Description
I have docker running on my dgx spark.
I tried pulling an image, it failed after downloading most of the layers, so I tried pulling again, and it started over.
I have confirmed that I had >200Gb free disk space in addition to the 30Gb download.
I have confirmed that the disk space was released after each failure.
The logs confirm that docker explicitly cleaned up the downloaded layers.

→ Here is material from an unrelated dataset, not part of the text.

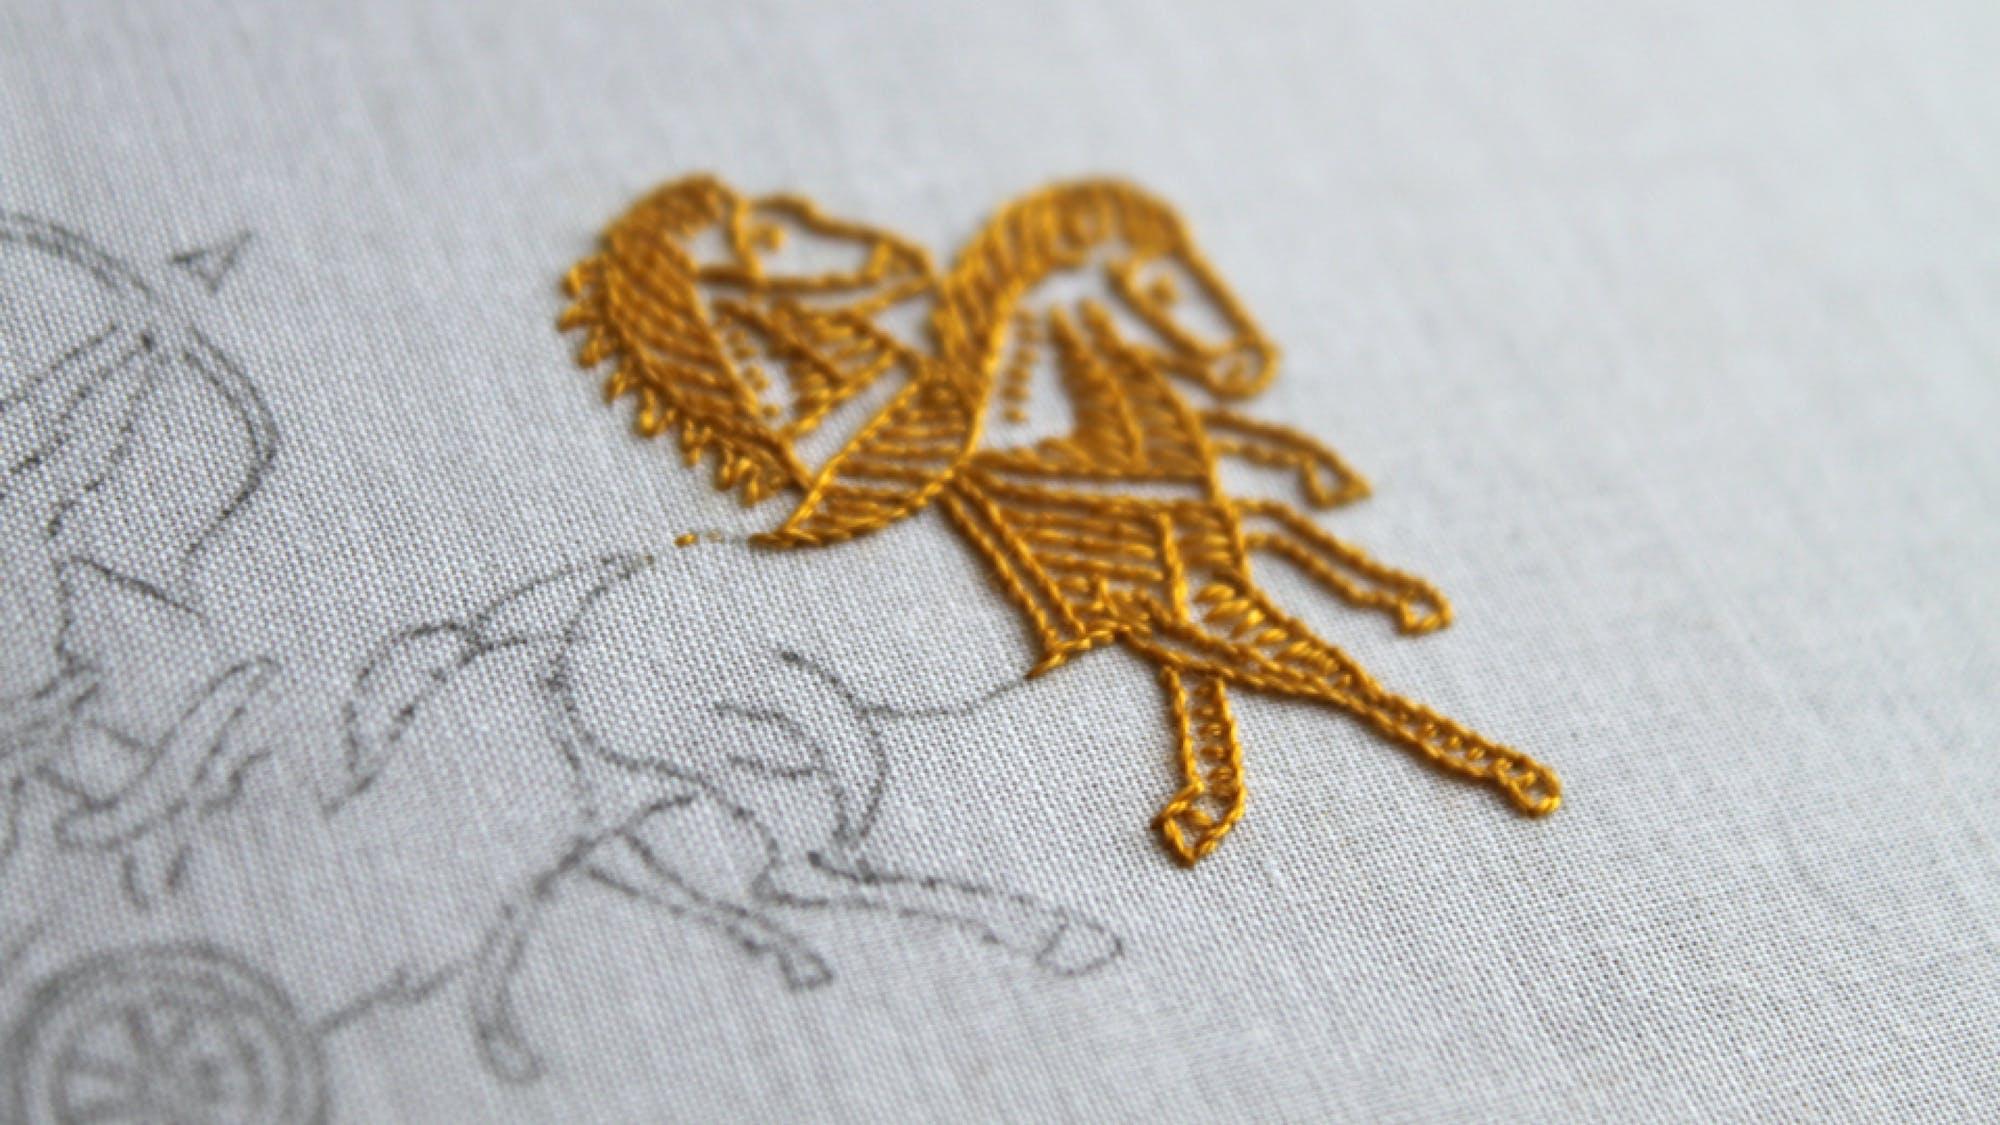 Walpole Editorial The Value of Craftsmanship Part 3:Hawthorne & Heaney by Lisa Grainger
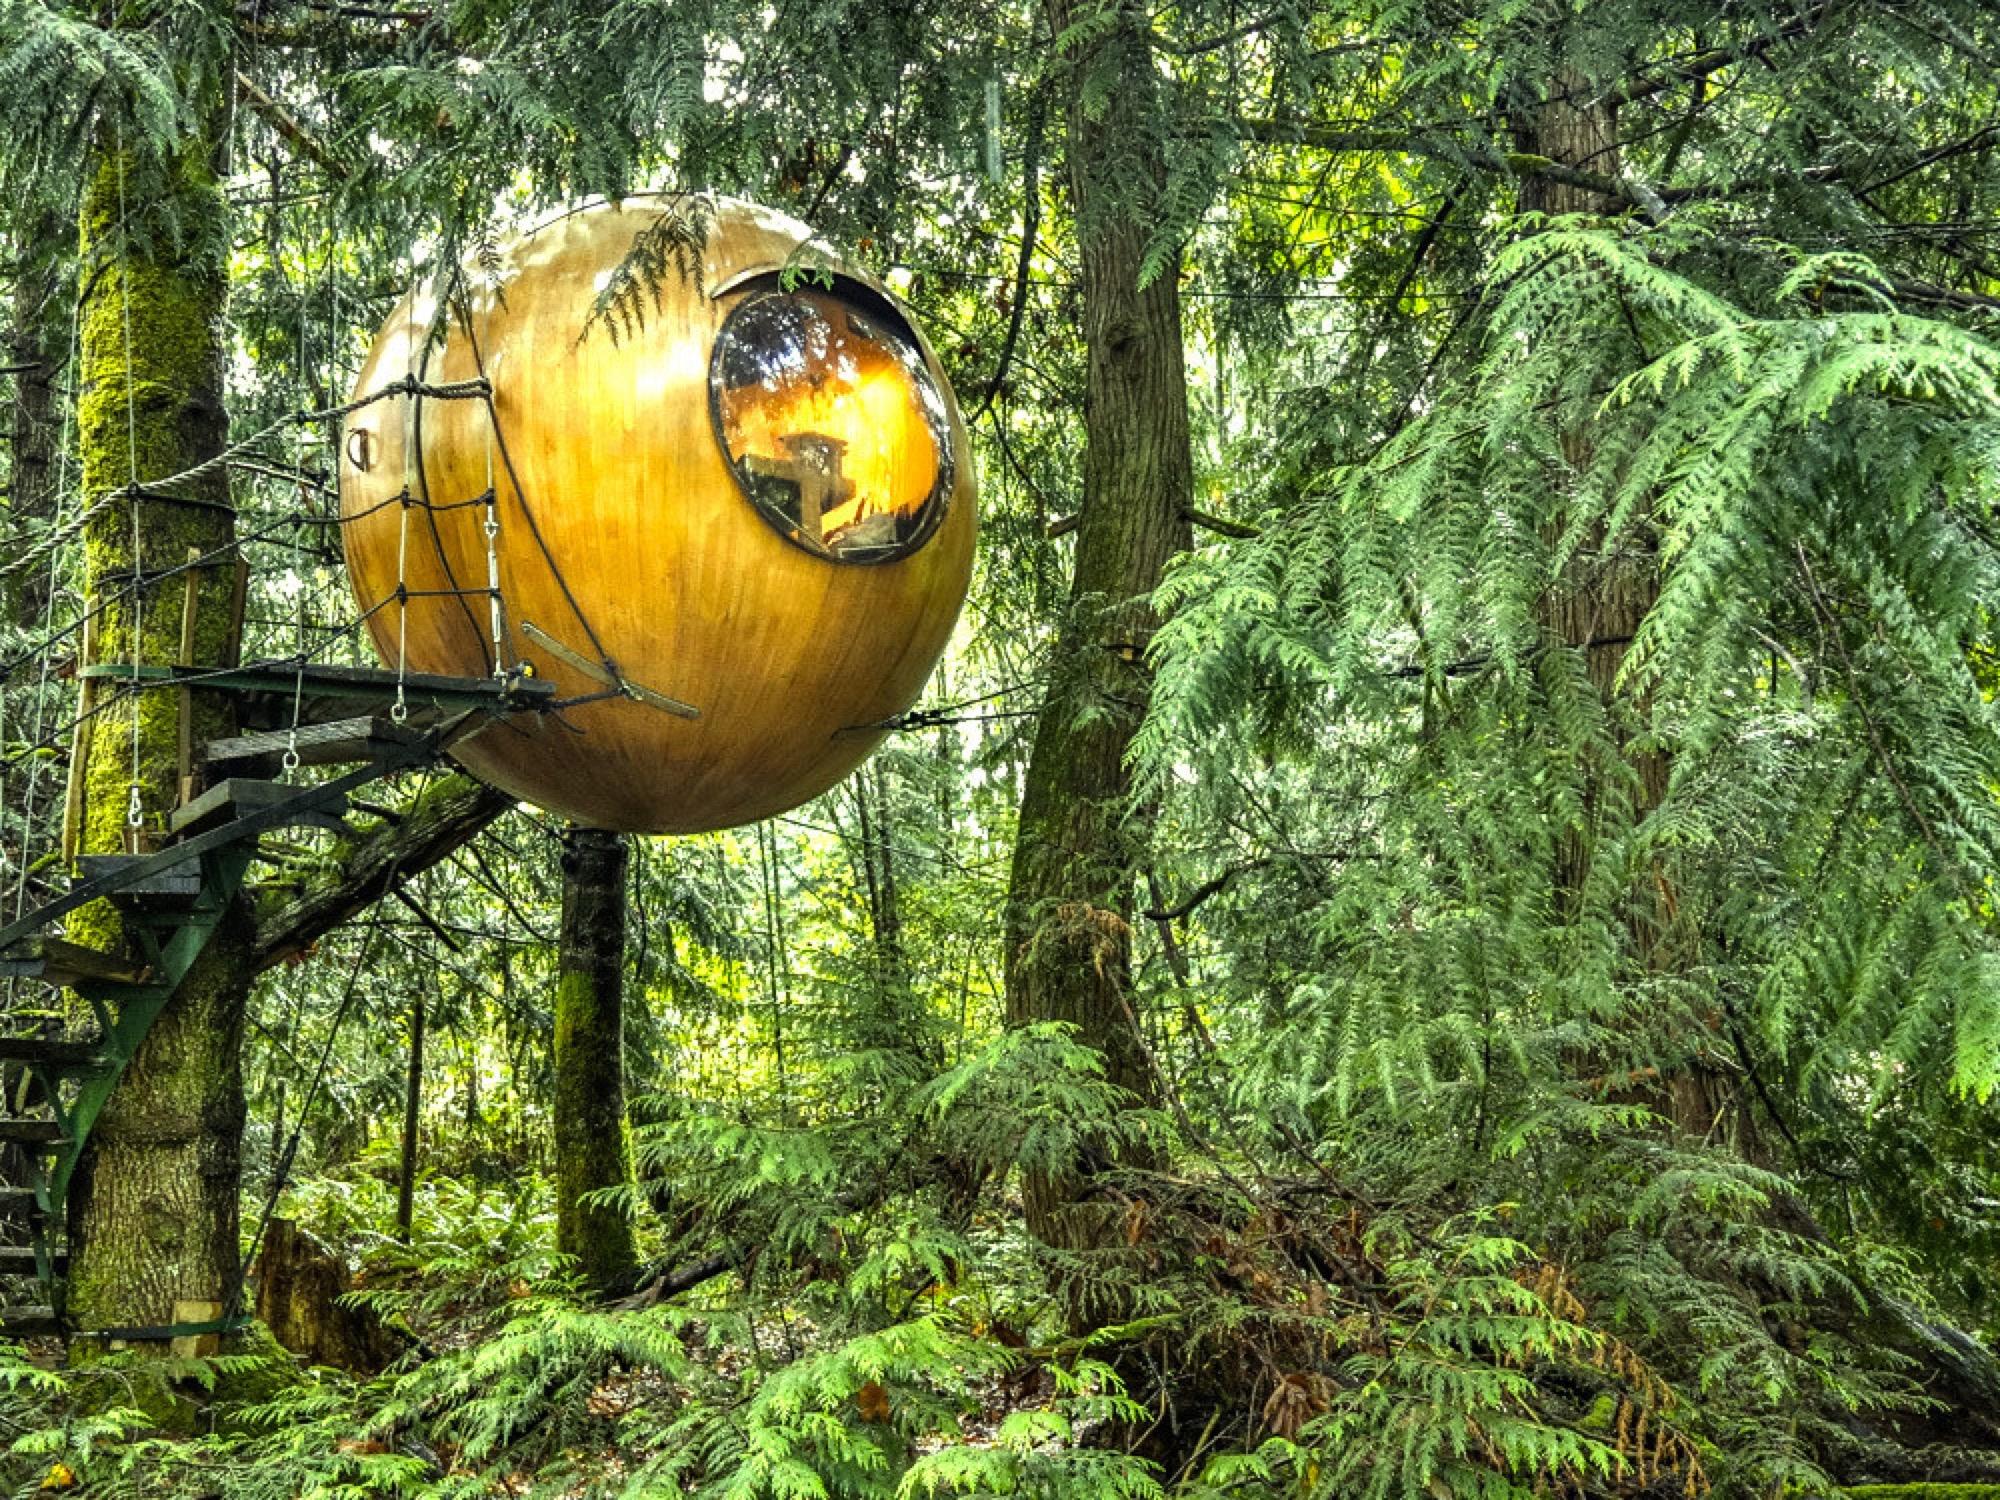 Spherical tree house by Free Spirit Spheres / Photo Courtesy of Free Spirit Spheres

I was not given the option of keeping the partial state and trying again.
After a couple of tries I set { "max-concurrent-downloads": 1 } in /etc/docker/daemon.json. This changed the downloading behaviour but did not solve the problem.
Conclusion: 4 or 5 tries. ~2h each time. Many, many GB of download bandwidth consumed for nothing.
Suffice to say this is VERY ANNOYING.
In the end chatgpt helped me use ctr image pull then export and import to docker, but I shouldn't need to faff around like that.
Reproduce
- I ran docker pull ghcr.io/aeon-7/aeon-vllm-ultimate:latest
- It failed with "unexpected EOF" when it has nearly completed.
- I ran docker pull .. again
- It started downloading everything again.
Expected behavior
It should not delete everything, it should acknowledge the failure, and tell me to either retry or run docker image prune or something.
docker version
Client: Docker Engine - Community
Version: 29.2.1
API version: 1.53
Go version: go1.25.6
Git commit: a5c7197
Built: Mon Feb 2 17:16:40 2026
OS/Arch: linux/arm64
Context: default
Server: Docker Engine - Community
Engine:
Version: 29.2.1
API version: 1.53 (minimum version 1.44)
Go version: go1.25.6
Git commit: 6bc6209
Built: Mon Feb 2 17:16:40 2026
OS/Arch: linux/arm64
Experimental: false
containerd:
Version: v2.2.1
GitCommit: dea7da592f5d1d2b7755e3a161be07f43fad8f75
runc:
Version: 1.3.4
GitCommit: v1.3.4-0-gd6d73eb8
docker-init:
Version: 0.19.0
GitCommit: de40ad0
docker info
Client: Docker Engine - Community
Version: 29.2.1
Context: default
Debug Mode: false
Plugins:
buildx: Docker Buildx (Docker Inc.)
Version: v0.31.1
Path: /usr/libexec/docker/cli-plugins/docker-buildx
compose: Docker Compose (Docker Inc.)
Version: v5.0.2
Path: /usr/libexec/docker/cli-plugins/docker-compose
Server:
Containers: 3
Running: 1
Paused: 0
Stopped: 2
Images: 7
Server Version: 29.2.1
Storage Driver: overlay2
Backing Filesystem: extfs
Supports d_type: true
Using metacopy: false
Native Overlay Diff: true
userxattr: false
Logging Driver: json-file
Cgroup Driver: systemd
Cgroup Version: 2
Plugins:
Volume: local
Network: bridge host ipvlan macvlan null overlay
Log: awslogs fluentd gcplogs gelf journald json-file local splunk syslog
CDI spec directories:
/etc/cdi
/var/run/cdi
Swarm: inactive
Runtimes: runc io.containerd.runc.v2
Default Runtime: runc
Init Binary: docker-init
containerd version: dea7da592f5d1d2b7755e3a161be07f43fad8f75
runc version: v1.3.4-0-gd6d73eb8
init version: de40ad0
Security Options:
apparmor
seccomp
Profile: builtin
cgroupns
Kernel Version: 6.17.0-1021-nvidia
Operating System: Ubuntu 24.04.4 LTS
OSType: linux
Architecture: aarch64
CPUs: 20
Total Memory: 121.6GiB
Name: gx10-d54e
ID: c69e21f0-503c-474d-9bd7-a31a7473f20d
Docker Root Dir: /var/lib/docker
Debug Mode: false
Experimental: false
Insecure Registries:
::1/128
127.0.0.0/8
Live Restore Enabled: false
Firewall Backend: iptables
Additional Info
Here is an extract of the logs
juin 24 20:51:05 gx10-1234 systemd[1]: Started docker.service - Docker Application Container Engine.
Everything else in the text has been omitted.